The US government banned the use of Kaspersky security software in federal offices Wednesday, saying the Russian company has risky ties to Russian intelligence that threaten US national security.
Acting Secretary of Homeland Security Elaine Duke ordered all government offices to remove and replace any of the company’s popular anti-hacker software in use within 90 days.
“The department is concerned about the ties between certain Kaspersky officials and Russian intelligence and other government agencies,” Duke said in a statement.
She also expressed concern that Russian intelligence agencies can by law request or compel assistance from Kaspersky, including in intercepting communications transiting Russian networks.
“The risk that the Russian government, whether acting on its own or in collaboration with Kaspersky, could capitalize on access provided by Kaspersky products to compromise federal information and information systems directly implicates US national security,” Duke said.
The move comes amid heightened strains between Russia and the US over Moscow’s alleged interference in last year’s US presidential election.
Kaspersky was already finding the government shut to its business, according to US companies it competes with.
Earlier this year six top intelligence and security officials told a Congressional hearing that they would not use Kaspersky software.
In July the government’s General Services Administration issued an advisory against using it.
Last week Senator Jeanne Shaheen said she would attach to a crucial defense department appropriations bill a law banning government use of Kaspersky products.
Based in Moscow, Kaspersky has been selling its popular and highly regarded software around the world for two decades and does 85 percent of its business outside of Russia, including with multiple governments, according to the company.
It has repeatedly denied having anything more than correct business ties to the Kremlin, saying it is “caught in the middle of a geopolitical fight.”
It said it was not a telecom provider and so not subject to the Russian laws Duke referred to on cooperation with the government.

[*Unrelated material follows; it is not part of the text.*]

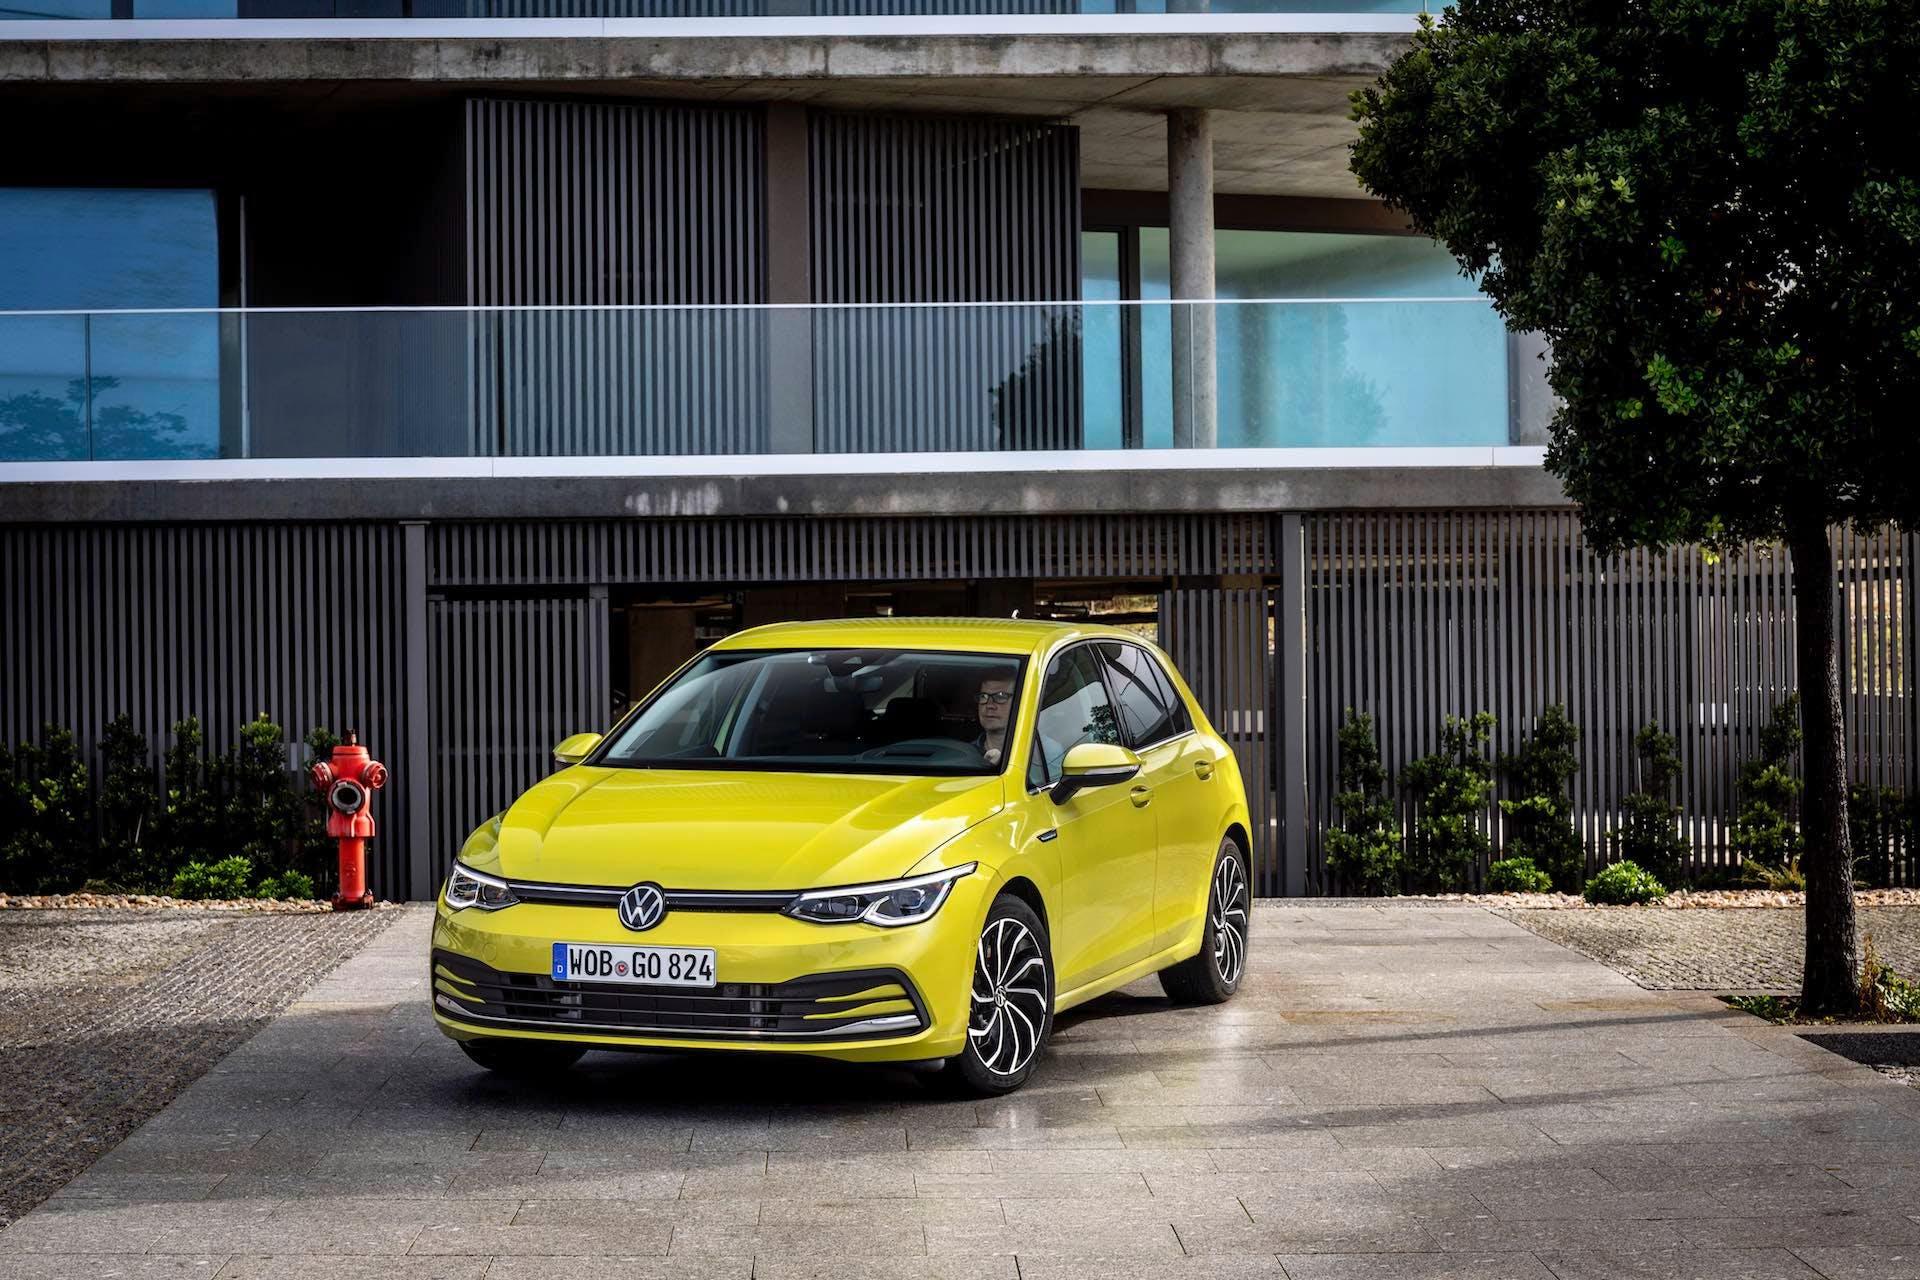 Nuova Volkswagen Golf 8 color oro, vista anteriormente per intero

“No credible evidence has been presented publicly by anyone or any organization as the accusations are based on false allegations and inaccurate assumptions, including claims about the impact of Russian regulations and policies on the company,” it said in a statement.
“Kaspersky Lab has always acknowledged that it provides appropriate products and services to governments around the world to protect those organisations from cyber threats, but it does not have unethical ties or affiliations with any government, including Russia.”
Founder and chief executive Eugene Kaspersky said he has repeatedly offered to present the company’s source code to US officials for an audit but has not been given the opportunity to do so.
The Department of Homeland Security said Wednesday that Kaspersky could give a written response to the ban to address the department’s concerns.